Here is the json file:

[
  {
    "x": 1,
    "y": 4,
    "z": -1,
    "t": 2
  },
  {
    "x": 2,
    "y": -1,
    "z": 3,
    "t": 0
  }
]
eliaroseX
  • 47
  • 8
  • `json.load(sys.stdin)` (without `s`) – Klaus D. Jul 01 '19 at 09:45
  • both `load` and `loads` fails with the `sys.stdin` method. – eliaroseX Jul 01 '19 at 09:48
  • What is the error message exactly? `json.load(sys.stdin)` works for me with a proper json file. – The Pjot Jul 01 '19 at 09:53
  • The exception raises that it should be a string, bytes but not a "TextIOWrapper" @KlausD. – eliaroseX Jul 01 '19 at 09:53
  • json.load(open('number.json')) will definitely work! – Keerthana Prabhakaran Jul 01 '19 at 09:57
  • @KeerthanaPrabhakaran I just tried `json.load(open(sys.stdin))` because I need to use sys.stdin and got `expected str, bytes or os.PathLike object, not _io.TextIOWrapper` with your suggestion... may you know why? – eliaroseX Jul 01 '19 at 09:58
  • @ThePjot see above, please. – eliaroseX Jul 01 '19 at 09:59
  • trying to load the content from `sys.stdin` won't work because it's a file-like object so it's expected that you get the first exception you mentioned. The second error points to the data you are getting not being a valid JSON so could you just print what you get from calling to `sys.stdin.read()`. A `print(sys.stdin.read())` will do. – Layo Jul 01 '19 at 10:49
  • `[ { "x": 1, "y": 4, "z": -1, "t": 2 }, { "x": 2, "y": -1, "z": 3, "t": 0 } ]` Here is what I obtained with `print(sys.stdin.read())` @Layo – eliaroseX Jul 01 '19 at 10:58
  • What python 3 version are you using exactly? My test was using 3.6.8 – The Pjot Jul 01 '19 at 11:18
  • @eliaroseX it's clear that the first 3 chars (``) are causing `json.loads()` to fail. You need to investigate why are those chars on the "string", I'm sorry I can't help you further because I don't run on Windows. – Layo Jul 01 '19 at 12:10
  • The three chars are the [UTF-8 BOM](https://en.wikipedia.org/wiki/Byte_order_mark#UTF-8), when interpreted as `latin1` (also known as [ISO/IEC 8859-1](https://en.wikipedia.org/wiki/ISO/IEC_8859-1)). – rtoijala Jul 01 '19 at 12:15
  • @rtoijala what you’re saying is interesting because there is an optional parameter encoder on the function json.load but it doesn’t help on that case unfortunately – eliaroseX Jul 01 '19 at 12:26

1 Answers1

1

Based on your comments, your problem seems to be that you have the UTF-8 BOM prepended to your file. That means that the extra three bytes 0xEF 0xBB 0xBF are found first in your file.

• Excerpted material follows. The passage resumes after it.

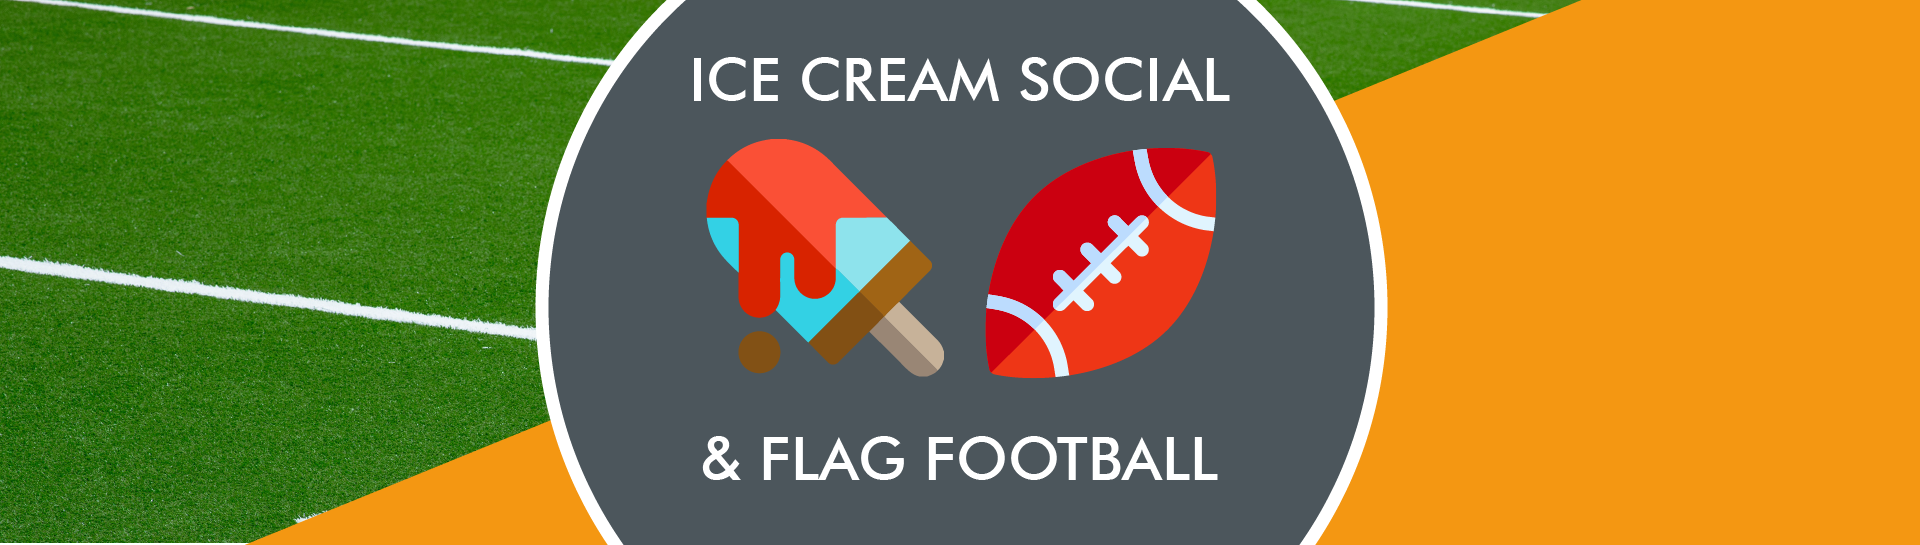 Ice cream social and flag football

The Python json module documentation says that it does not accept a BOM. Therefore you must remove it before passing the JSON data to json.load or json.loads.

There are at least three ways to remove the BOM. The best is to simply edit your JSON file to remove it. If that is not possible, you can skip it in your Python code.

If only need your code to work with files that contain a BOM, you can use:

assert b'\xEF\xBB\xBF' == sys.stdin.buffer.read(3)

This makes sure that the removed bytes were really the UTF-8 BOM.

If you need to work with files that may or may not contain a BOM, you can wrap your standard input stream with a TextIOWrapper with the correct encoding, as mentioned in this answer. Then the code looks like this:

import io
stdin_wrapper = io.TextIOWrapper(sys.stdin.buffer, encoding='utf-8-sig')
# use stdin_wrapper instead of stdin

Quoting the Python Unicode HOWTO for why utf-8-sig:

In some areas, it is also convention to use a “BOM” at the start of UTF-8 encoded files; the name is misleading since UTF-8 is not byte-order dependent. The mark simply announces that the file is encoded in UTF-8. For reading such files, use the ‘utf-8-sig’ codec to automatically skip the mark if present.

rtoijala
  • 1,200
  • 10
  • 20